Saturday, 4 February 2023

0704 : Case Presentation : Brajendra Nath Bhargava vs Ramchandra Kasliwal

 Supreme Court of India

Brajendra Nath Bhargava (Dead) By ... vs Ramchandra Kasliwal And Anr. on 20 March, 1997
Equivalent citations: AIR 1999 SC 2866, JT 1998 (7) SC 621, RLW 1999 (2) SC 199, (1998) 9 SCC 169
Bench: A Ahmadi, K Paripoornan, S Kurdukar

ORDER

1. The appellant is the original complainant who had lodged a complaint with the Bar Council of Rajasthan, Jodhpur against the respondents who were then practising as advocates in the courts in Rajasthan. The complainant happened to be a tenant of a showroom. His landlords had filed the suit against him for arrears of rent and possession on 21-12-1974. S/Shri K.L. Saxena and Satyandra Saxena represented the plaintiffs in that suit. Later on, the two respondents appeared on behalf of the plaintiffs. A standard rent suit was filed by the landlord represented by the two respondents against the complainant bearing No. 36 of 1978 and that suit was later decreed and the standard rent was fixed at Rs 300 per month. Thereafter, it is alleged that the respondents got the showroom transferred in the name of the respondent R.C. Kasliwal's sons, Sarvshri Harshwardhan and Himanshu and Smt Ritu Kasliwal. The allegation was that the vendees were non-earning members of the family of the two respondents and were, therefore, benamidars. The two respondents continued to represent them in the suit even after the transaction. The two respondents have admitted the fact of the institution of the two suits and their being engaged as advocates for the original plaintiffs and also the fact that the property in question was purchased by the aforesaid three family members but they contended that the consideration was paid by the vendees out of their own funds.
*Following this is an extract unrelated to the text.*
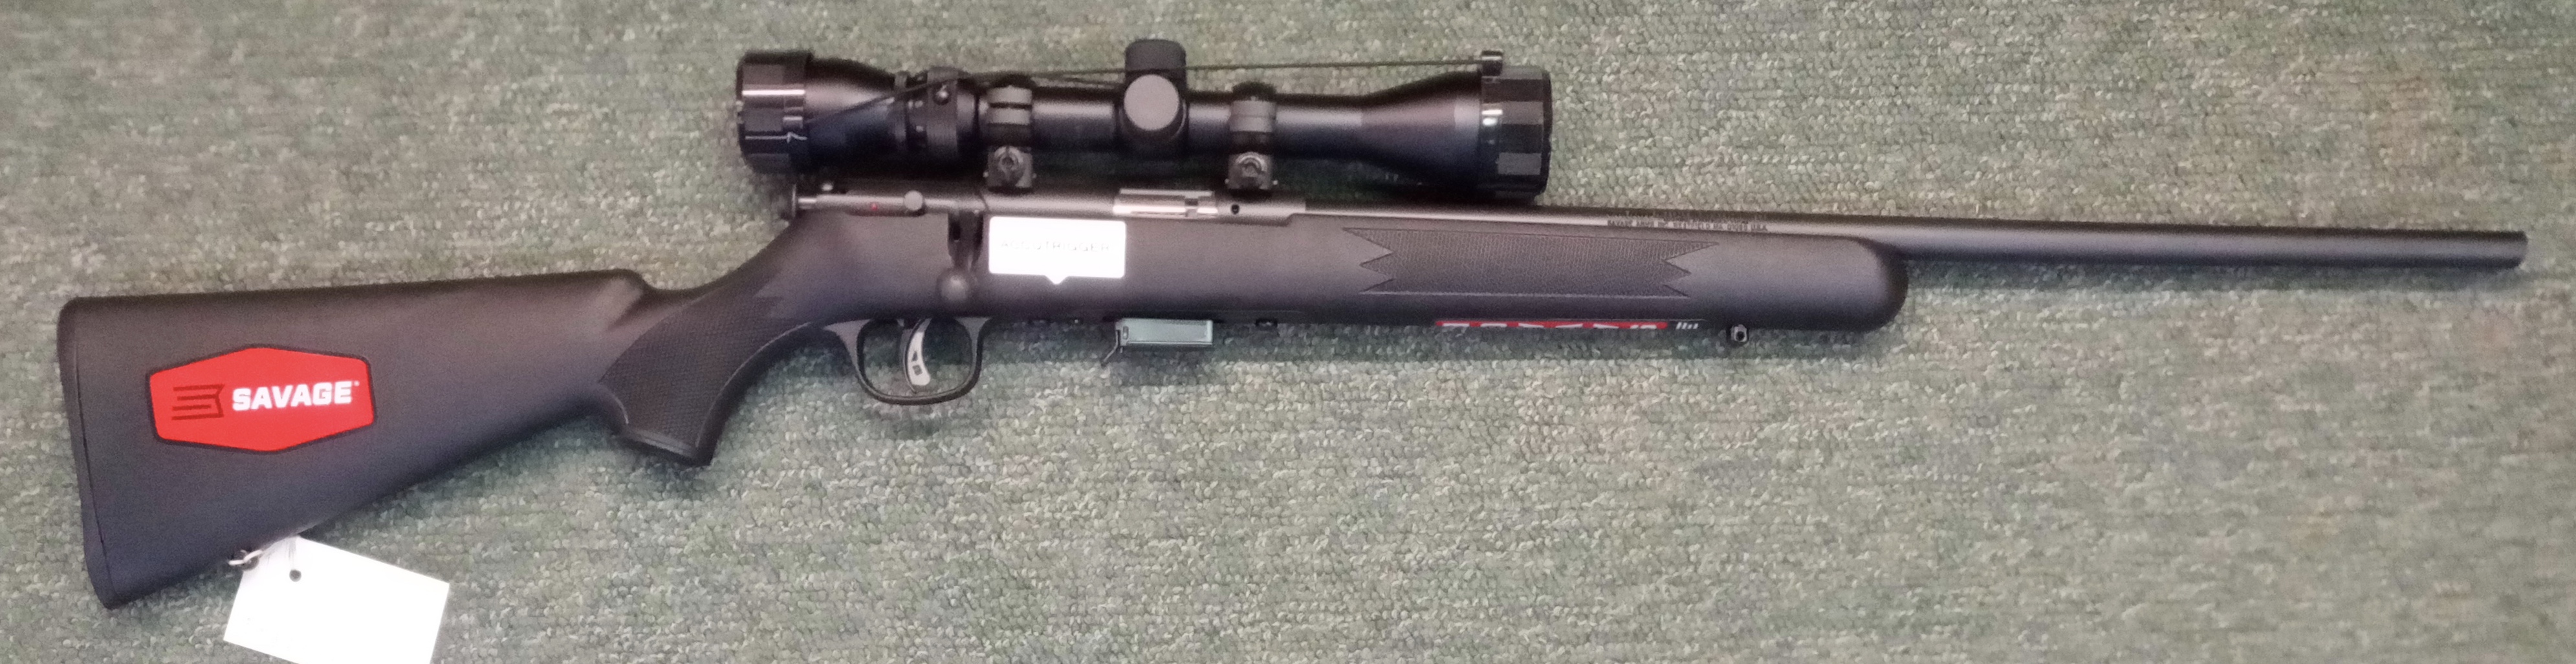 Savage 93 FNSXP .22 Mag. Scope Combo

2. After examining the facts of the case and the behavior of the two respondents as representing the original plaintiffs in the two suits, the State Disciplinary Committee came to the conclusion that it was a benami transaction as no evidence was led on record to show that the vendees had paid the consideration out of their own funds. The Disciplinary Committee, therefore came to the conclusion that there was an infringement of Rules 9 and 22 of the Bar Council of India Rules. The Committee, therefore, recorded a finding of guilt, professional misconduct and directed that the respondents be reprimanded for their action. The State Bar Council, therefore, visited the respondents with the punishment of reprimand and cost of Rs. 300.

3. Against the said finding recorded by the State Bar Council, the two respondents filed an appeal before the Disciplinary Committee of the Bar Council of India which after hearing the parties, came to the conclusion that the character of the transaction being benami was not established, that there was misconduct committed by the present respondents and that the State Bar Council was in error in visiting the respondents with the punishment of reprimand and cost. The Bar Council of India, therefore, set aside the order of the State Bar Council dated 8-9-1991 and exonerated the two respondents. That is why the original complainant has moved this Court.

4. Having carefully examined the evidence on record and the conduct of the two respondents herein and having heard the learned counsel for both the sides, we are satisfied that the conduct of the respondents was not unblemished and that they had played a part in securing the property in the name of benamidars while they were representing one of the parties to the suit. The Bar Council of India was, therefore, wrong in thinking that the conduct of the respondents was unblemished. The technical objections raised on the interpretation of Rules 9 and 22 of the Bar Council Rules, in our opinion, should not weigh because what is important is to ascertain if the respondents were guilty of misconduct and if yes, to ensure that they are visited with some penalty. The State Bar Council visited the two respondents with a mild penalty of reprimand and payment of cost quantified at Rs 300. We do not think that the Bar Council of India was justified in interfering with the order made by the State Bar Council because one thing is clear from the evidence that the two respondents had taken an active interest in getting the property transferred to the names of their relatives and practically evidence was laid to show that the consideration had come out of their funds. In a situation like this, we think that the Bar Council of India ought not to have interfered with the action taken by the State Bar Council. We, therefore, set aside the order of the Bar Council of India by allowing this appeal and direct the respondents to suffer the sentence imposed upon them by the State Bar Council,

5. In the result, we allow this appeal, set aside the order of the Bar Council of India impugned herein. We, however, make no order as to costs.